Latino families are draining their savings and taking second
jobs yet losing an average of $89,000 due to foreclosure and
doubling up with friends or relatives, resulting in overcrowding
and stress.
By Jondi Gumz
Latino families are draining their savings and taking second jobs yet losing an average of $89,000 due to foreclosure and doubling up with friends or relatives, resulting in overcrowding and stress.
The National Council of La Raza and the Center for Community Capital at University of North Carolina Chapel Hill released a report Tuesday on the human cost of foreclosure. Researchers said families that lost a home remain hopeful they would attain the American dream of home ownership once again.
“We were struck by their optimism and resilience,” said Janis Bowdler of La Raza’s Wealth-Building Policy Project.
The findings were based on interviews with 25 Latino families in five regions including California’s Central Valley. Researchers also cited national statistics indicating 60 percent of Latinos have observed foreclosures in their neighborhood and cash buyers accounted for 25 percent of second-quarter sales last year, turning owner-occupied homes into investment properties.
Bowdler said the Home Affordable Modification Program, announced by President Obama a year ago, is not helping, largely because the program is voluntary for lenders.
“Now you have complications where families have lost a job,” Bowdler said. “They’re tapping savings and retirement accounts and borrowing from friends and family. Banks are standing on the sideline and not modifying mortgages.”
Attorney Phyllis Shafton Katz of California Rural Legal Assistance in Watsonville,
which is 77 percent Latino, made the same assessment last year.
Watsonville and Freedom saw half of the county’s 727 foreclosure sales last year, and two-thirds of the 906 foreclosure sales the year before.
Too many homes in Watsonville are “underwater,” worth less than what is owed, for the federal programs to work, Katz said, and homeowners don’t have enough income to qualify for loans.
One example of how values have changed: 100 Pelican Drive, behind the Overlook shopping center, was purchased for $522,000 in 2004 by a Latino buyer. It was foreclosed last year, and resold for $425,000.
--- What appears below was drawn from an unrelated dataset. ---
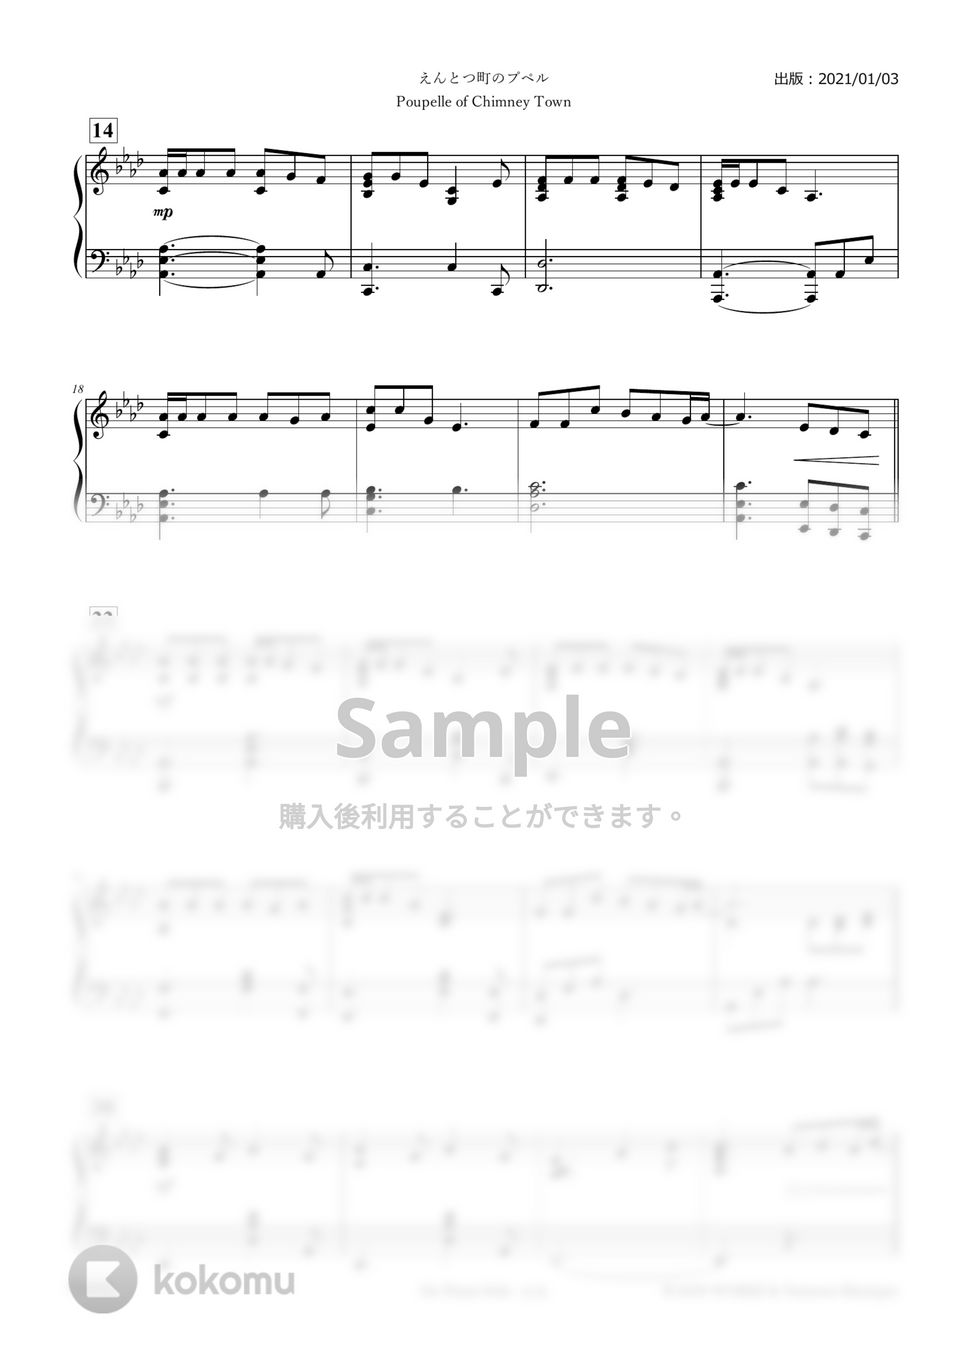 エンドクレジット版 - えんとつ町のプペル (ピアノソロ・上級) by 正村恵

Roberto Quercia, co-author of the foreclosure report and a professor of city planning at UNC, said only half his students can tell the difference between an affordable mortgage and a pricey predatory mortgage, indicating the need for financial education.
La Raza recommends Congress enact a refundable tax credit to subsidize an annual visit to a certified financial planner.
“We need Congress to work out better solutions,” said Carol Ornelas of Visionary Home Builders, a nonprofit in Stockton, the city that was America’s foreclosure capital in 2008. “We need them now.”